Leyla Kramarsky

Lychee Cosmos

Lychee Cosmos

Growing together from afar

Article and art by Leyla Kramarsky

Sophia came to high school orientation wearing mascara. It was clumpy and thick, but to fourteen-year-old me, it signaled something profound. My best friend had grown up over the summer. She had kissed boys and gotten dizzy off an alcoholic seltzer and when she pushed her hair behind her ear, I noticed the shining gold of a cartilage piercing. I glanced down at my sneakers, sterile with the white newness of a purchase made specifically for the first day of school. My mother and I had spent an hour in Foot Locker the week before trying to choose the perfect trendy (yet versatile) sneaker. I loved them, and opened their box every afternoon to peek at their black Nike swooshes. But, standing in the school lobby, they looked embarrassingly self aware next to Sophia’s perfectly scuffed platform converse. She hugged me and she smelled like sweet perfume.

Sophia had always been pretty in an easy way. Where my nose intruded on my face, too large for my young features, hers sloped delicately. Where my limbs grew clumsily from my body, wielded as if they were somehow too heavy, she moved gracefully like the ballerina she was. It never mattered. It was like, until that September morning, neither of us had noticed.

We left for our school orientation trip—a feeble attempt to encourage bonding among an incoming freshman class that had been attending school together since kindergarten. She put eye makeup on me while we sat in a summer camp cabin. It felt heavy on my face, and I wiped it off in the bathroom after she left, leaving a dark shadow underneath my eyes. I was painfully aware that I was being left behind, so two weeks later when she asked me to get dinner on a Saturday night, it felt like a chance to prove my legitimacy as a high schooler. When she asked if I wanted to go to a place that “didn’t card,” I felt something shift in my chest. I hoped that my “sure!” was cool.

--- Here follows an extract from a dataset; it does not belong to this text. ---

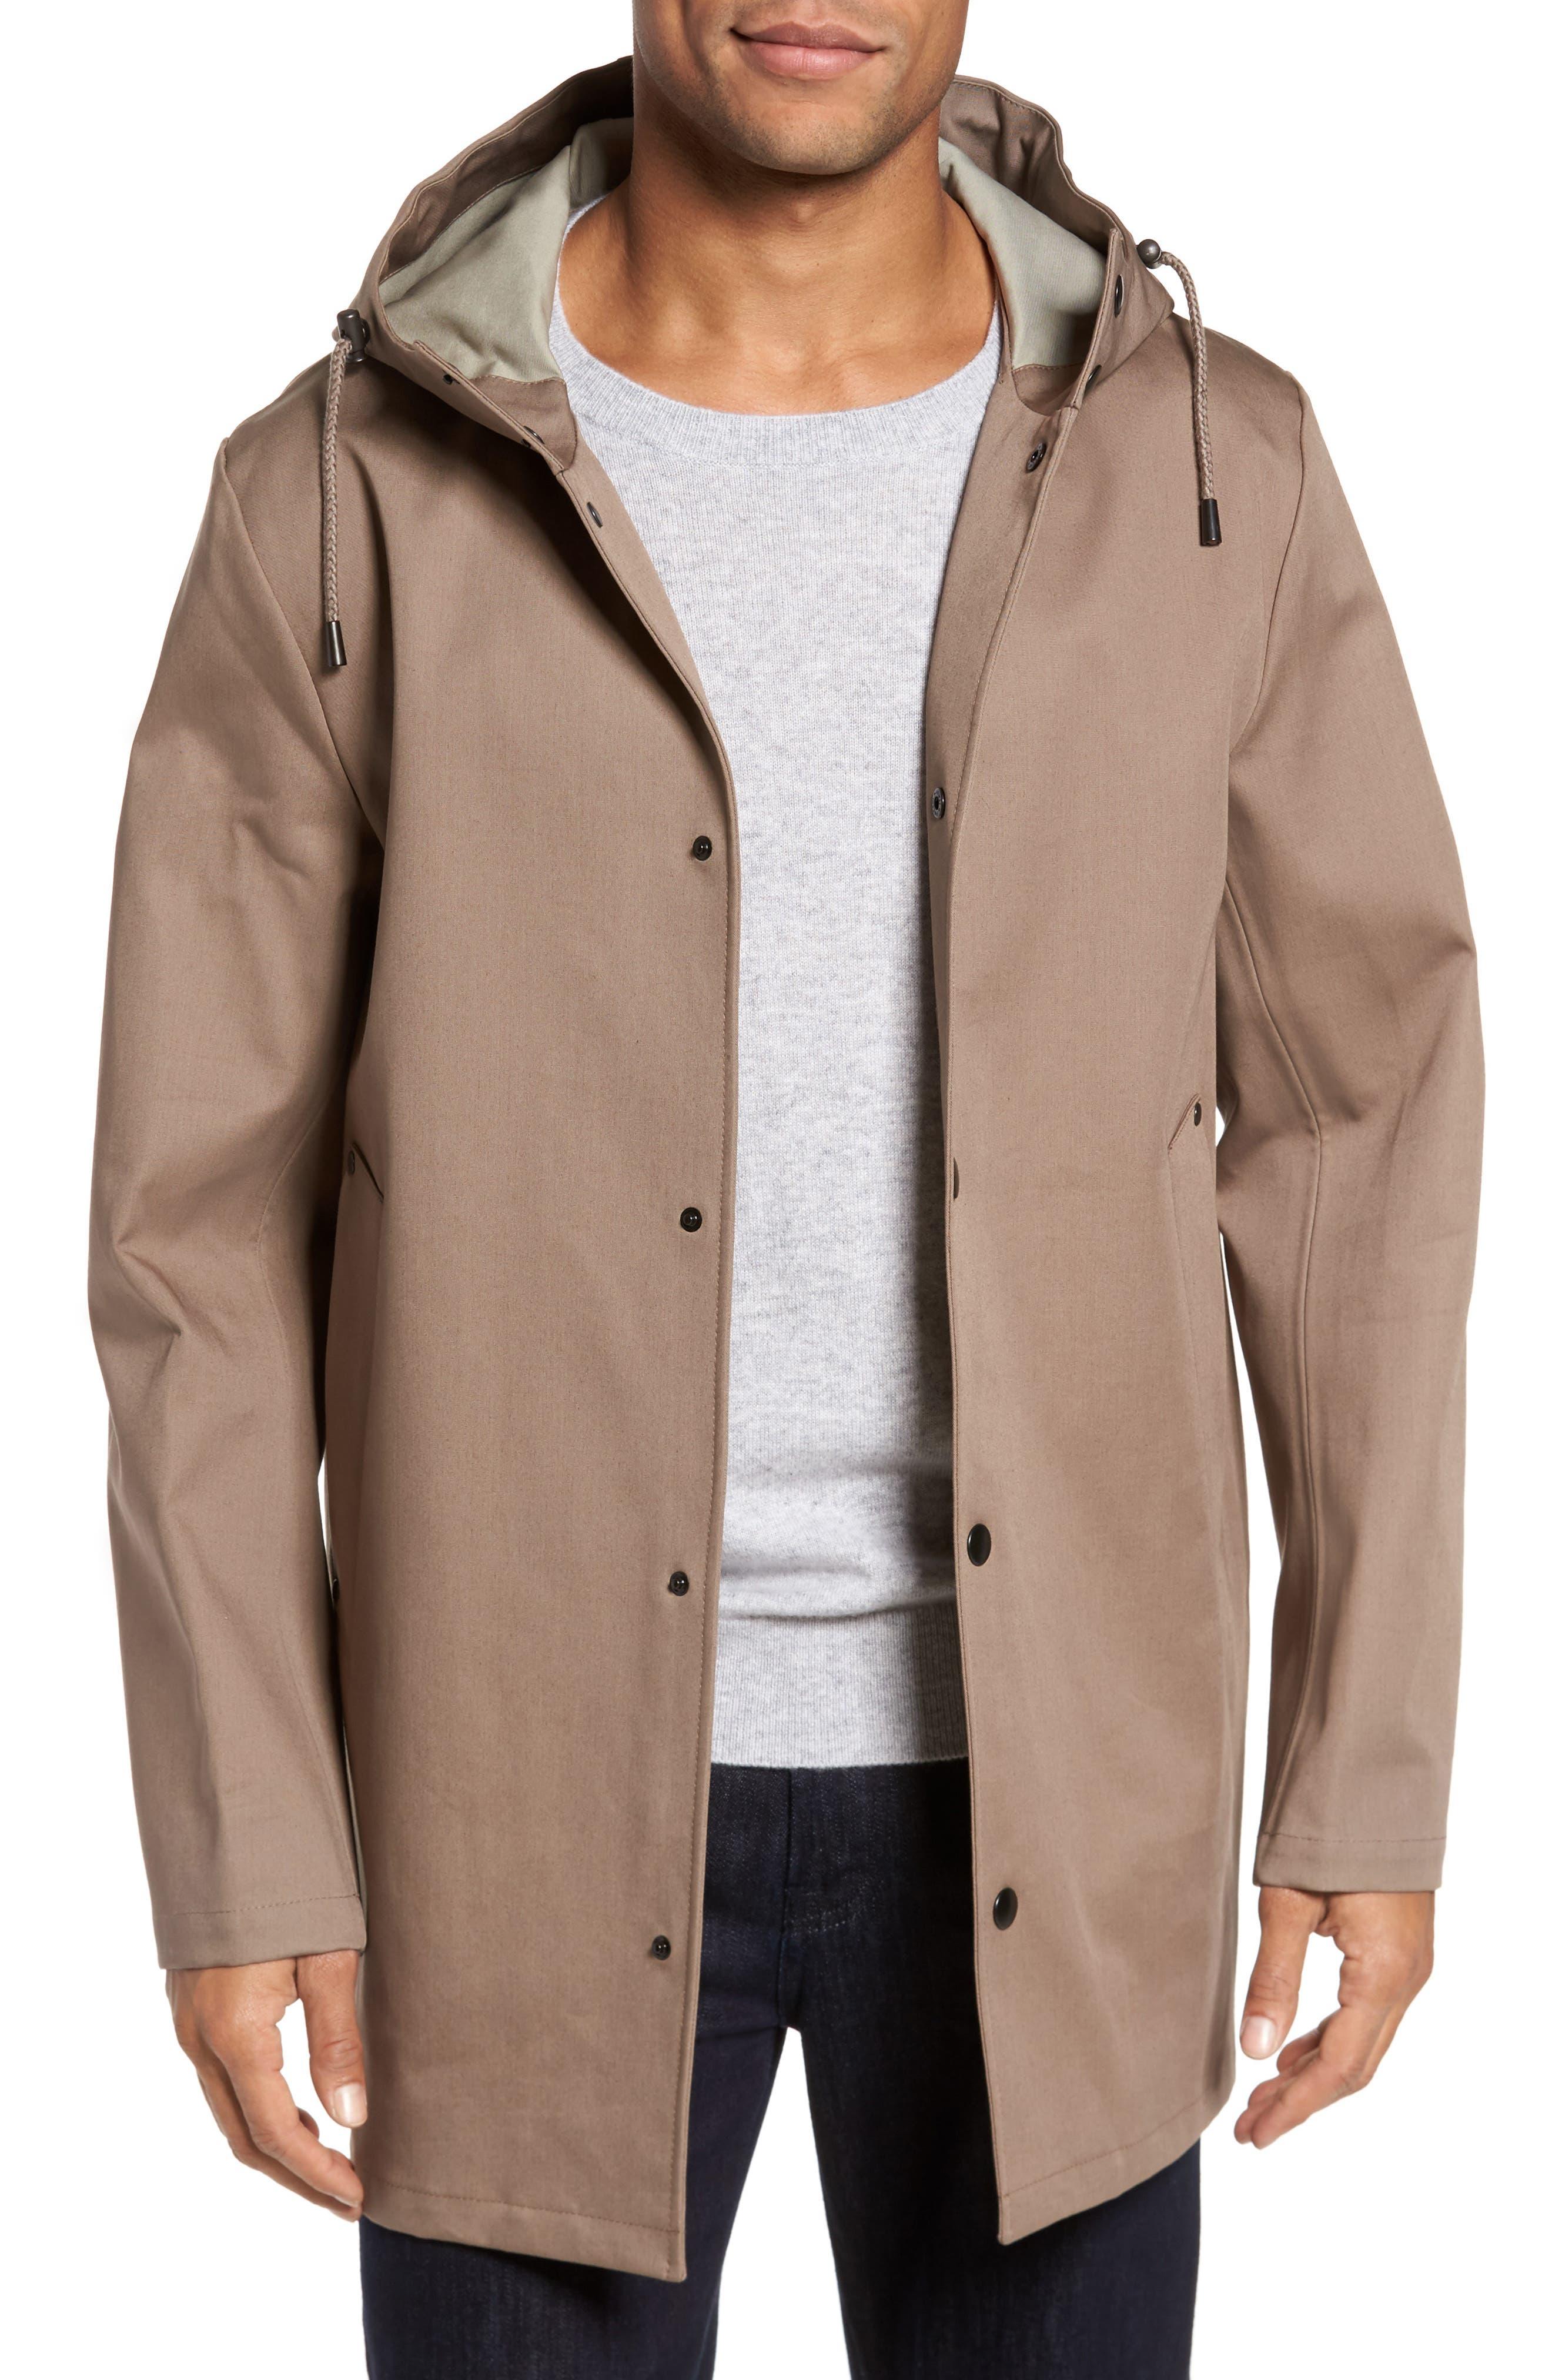 Stockholm Bonded Waterproof Hooded Raincoat,                             Main thumbnail 1, color,                             Mole

The restaurant was an ugly sushi place on the Upper East Side. A chandelier dripping in plastic crystals hung from the ceiling and linoleum tiling lined the floor. It looked like someone had accidentally ordered a few pounds of raw fish to a diner and panicked, desperate to sell it to oblivious customers before its expiration. But, as Sophia assured me, the draw wasn’t the sushi. The draw, it turned out, was two decadent lychee cosmos each, the canned juice almost masking the sharp sting of alcohol. Halfway through my first one I felt my body slide into newness. A rush of warmth to my face. An awareness of my pulse in places I had never known it existed. Halfway through my second, words were falling out of my mouth before I knew what they meant. The strange buzz in my formerly gangly limbs had turned into the arms of someone sophisticated and worldly. Nerves shifted into adrenaline, taking on a life of their own.

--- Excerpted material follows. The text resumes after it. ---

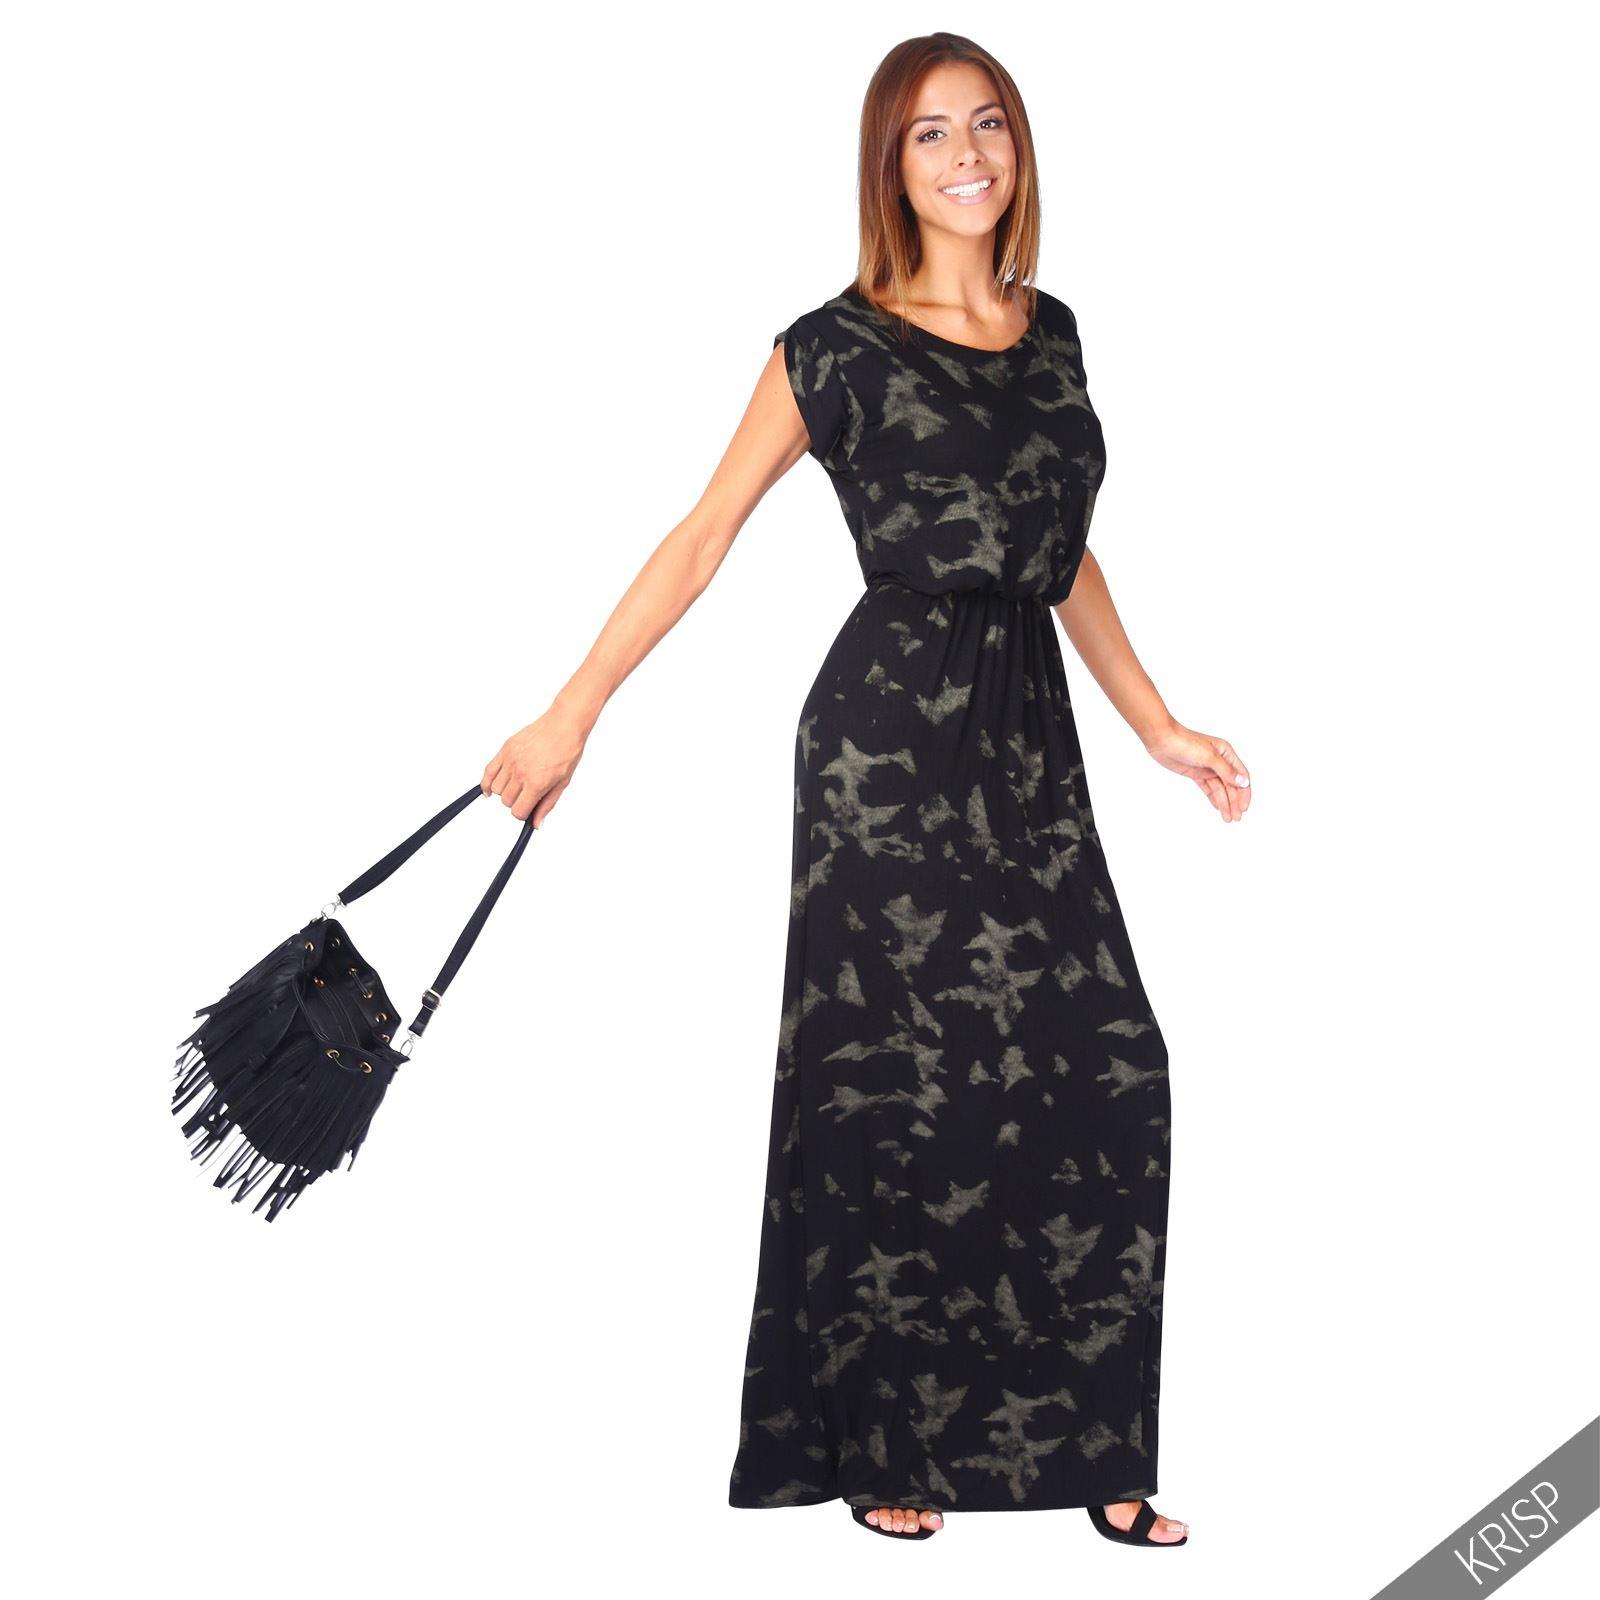 Mujer-Boho-Grande-Holgado-Jersey-Largo-Vestido-de-verano-casual-de-fiesta

We stumbled into the New York night as if we had lived our whole lives perched in the sticky, red booth, giddy with the enormity of adulthood. Standing on the street corner, teetering on the precipice, I was ready to take on whatever adventures lay in store for me before my ten o’clock curfew. But unfortunately and appropriately, the thing about being a drunk fourteen-year-old is that you are fourteen, and there is not very much to do. So, we got cookies.

Sophia moved to Seattle after sophomore year. Through empty promises of reunions and a failed attempt at an “olden times” pen pal relationship, I began to miss the moments that filled her life. I missed her acceptance into one of the best dance companies in the country and her initial encounter with her first boyfriend. I missed when she moved out of her parents’ home and into her own apartment. I missed when that first boyfriend became her first heartbreak. And she missed mine. She missed my first braceless smile, running my tongue over smooth teeth and examining a reflection in the mirror that maybe, one day, could be pretty. The mascara I had once rubbed off my face became familiar. My uncomfortable limbs grew strong when I realized that I loved to run. Wine convinced me to spend a night on a friend of a friend’s couch crying over a boy who I thought could never like me. Tequila convinced me to kiss him. She missed watching as that first drunken night transformed into weekends of parties that I slowly learned to navigate, harnessing alcohol’s synthetic confidence to befriend people that had intimidated even Sophia. But never, not once, did I miss her birthday. And she never missed mine. Our texts now are a series of exchanged birthday messages, increasingly simple as each year passes. But, on every June 7th and December 23rd, I remember our lychee cosmos. I remember running down the street with her, hysterical laughter scoring our steps, the feeling that I would never be as old as I was right then. I remember, most of all, strolling into school the next day armed with a secret that the whole adult world shared. Somehow, Sophia has whispered it in my ear, showing me that growing up is not an exclusive club. There’s no password, no indiscernible language. There is, instead, an amalgamation of firsts and of lasts. And that first, with her, proved to me that I was capable of learning adulthood, of choosing when to be drunk, when to be beautiful, when to be old. So, our birthday texts mean something to me. I don’t know anything about adult Sophia, college Sophia, Sophia now. But I do know that we continue to grow up together, year after year. And for that, I am grateful.